Chaque année lors des grandes vacances, de nombreux grands-parents sont sollicités pour du baby-sitting, de la garde d’enfants pour soulager les parents dans l’attente de leur repos annuel. Il y aura ceux qui donneront un coup de pouce occasionnel et ceux qui profiteront de leurs petits - enfants un mois complet voire plus,  et puis il y a les autres. Ceux dont les relations sont  coupées et qui souffrent du manque de voir leurs petits -enfants.

Avec le développement des séparations et des divorces, les grands -parents se retrouvent  de plus en plus placés au cœur d’un conflit familial et deviennent les laisser pour compter de l’histoire. Pourtant, le relâchement du lien familial avec les petits-enfants n’est pas une fatalité.

Les droits des Grands-parents

Le droit des grands-parents d’entretenir des relations avec l’enfant a été consacré par la loi dans l’article 371-4 du code civil : « L’enfant a le droit d’entretenir des relations personnelles avec ses ascendants ».  On notera dans la rédaction du texte que c’est l’enfant qui a le droit de voir ses grands-parents. Le texte pose bien l’idée d’une nécessité de développer des relations entre enfants et grands-parents dans l’intérêt de l’enfant mais il ouvre la porte à des refus par les juridictions d’octroyer un droit de visite aux grands-parents. En réalité, tout est question d’appréciation individuelle au cas par cas par les juges.

Les limites au droit de visite des grands-parents

En cas de séparation, en principe le droit de visite des grands-parents s’exerce dans la période pendant laquelle le parent a l’enfant avec lui.

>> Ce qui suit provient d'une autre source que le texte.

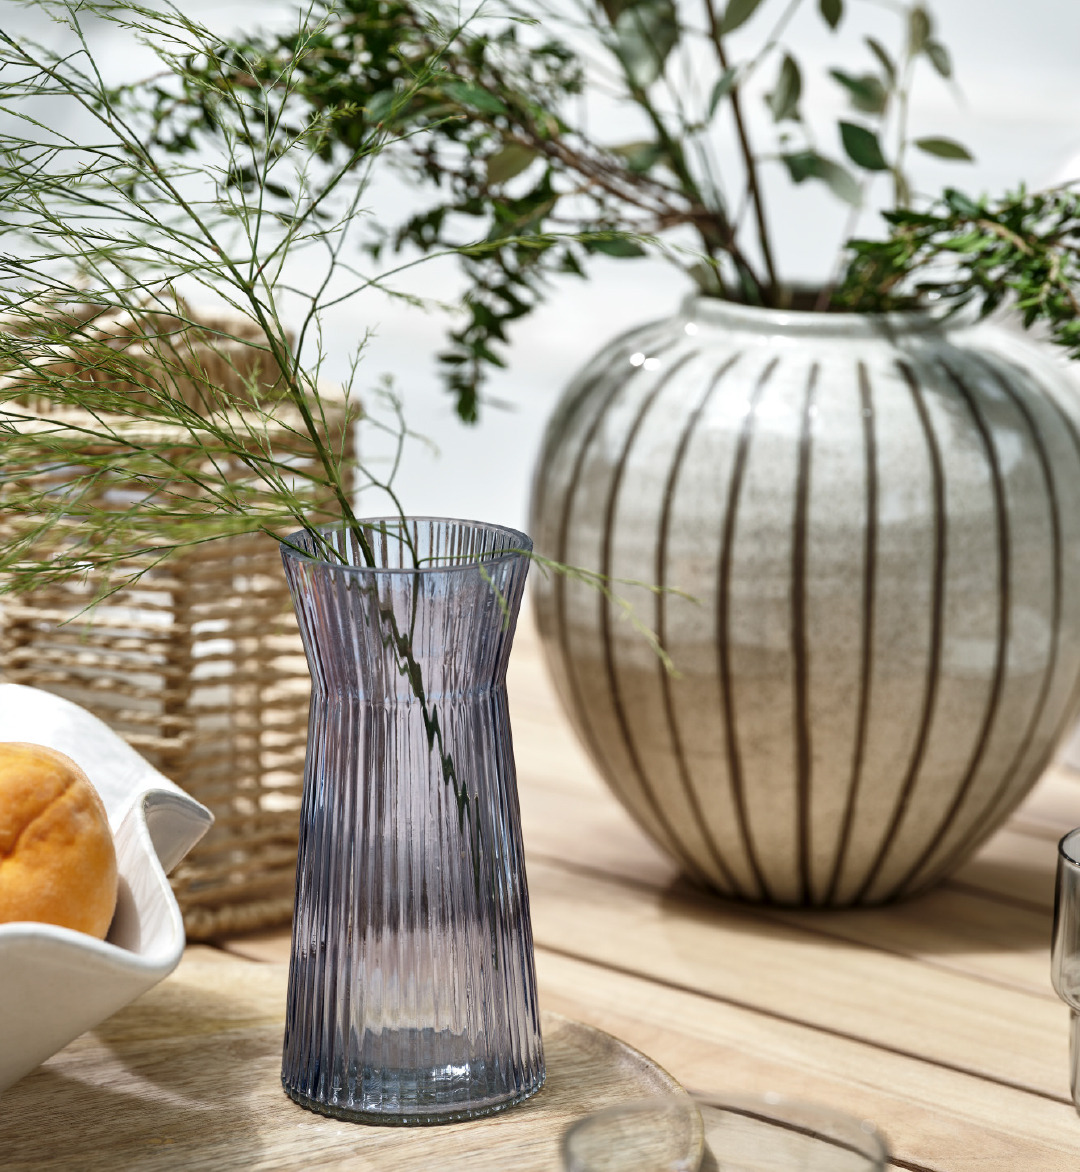 En glassvase og en stripete vase på et hagebord

Cependant, il arrive qu’il y ait des ruptures dans les échanges familiaux qui conduisent les grands-parents à initier une procédure leur octroyant un droit à part entière en dehors de celui octroyé au père ou à la mère.

Toutefois, si le grand-parent réside à l’étranger, il se peut que l’enfant puisse être interdit de sortir du territoire à la demande de l’un ou l’autre des parents, ce qui constitue un obstacle à l’exercice effectif du droit de visite du grand- parent, surtout si celui-ci n’est pas en mesure de voyager (pour des raisons financières ou de santé).

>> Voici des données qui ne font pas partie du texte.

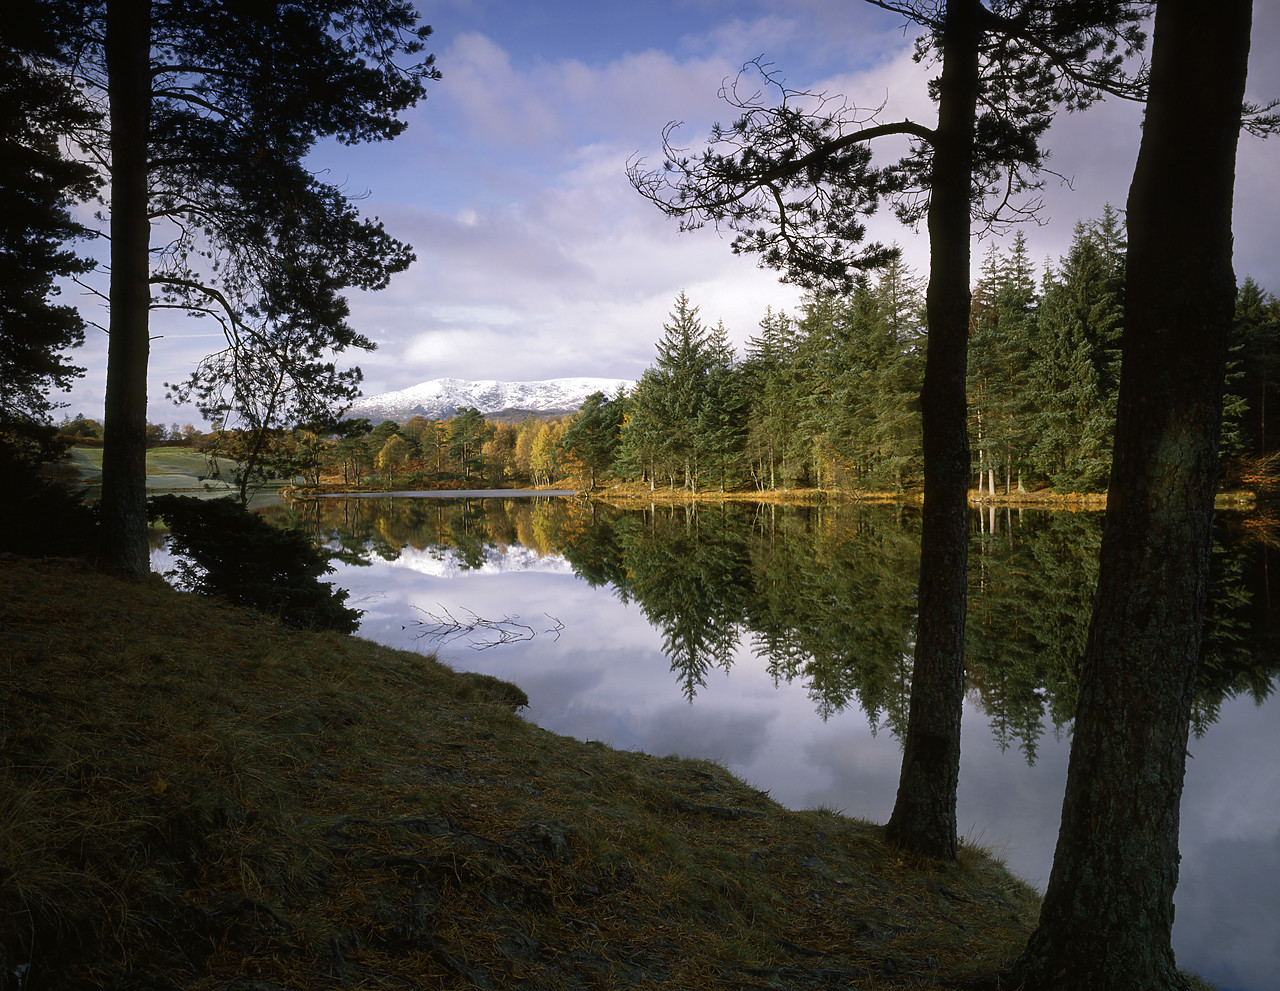 #924148-1 - Tarn Hows, Lake District National Park, Cumbria, England

En pratique, les juges saisis d’une demande de droit de visite des grands-parents vont analyser la situation au regard de l’intérêt supérieur de l’enfant. Si le grand-parent est apte et qu’il n’y a pas d’opposition forte et justifiée de la part de l’enfant à voir ses grands-parents, le droit de visite sera accordé. Une simple mésentente avec les gendres et belles-filles ne devraient donc pas suffire à permettre une rupture totale du lien.

Ceci étant, rien n’étant jamais acquis et mieux vaut prendre conseil auprès d’un avocat avant d’introduire une action en justice (même si la procédure devant le juge aux affaires familiales ne rend pas obligatoire la présence d’un avocat.

A noter: si vous êtes dans cette situation, essayez de recourir d’abord à l’intervention d’un médiateur familial. En cas d’échec, lancez une procédure devant le tribunal de grande instance du lieu de résidence de l’enfant et essayez de vous faire assister d’un avocat. Vous pouvez solliciter l’aide juridictionnelle. Une analyse de vos ressources donnera lieu à une décision vous permettant de bénéficier gratuitement des services d’un avocat ou en payant seulement une partie de ses honoraires (quand l’aide juridictionnelle est partielle).

En tout état de cause, ne baissez pas les bras. L’avenir de vos petits - enfants ne doit pas se construire sans vous!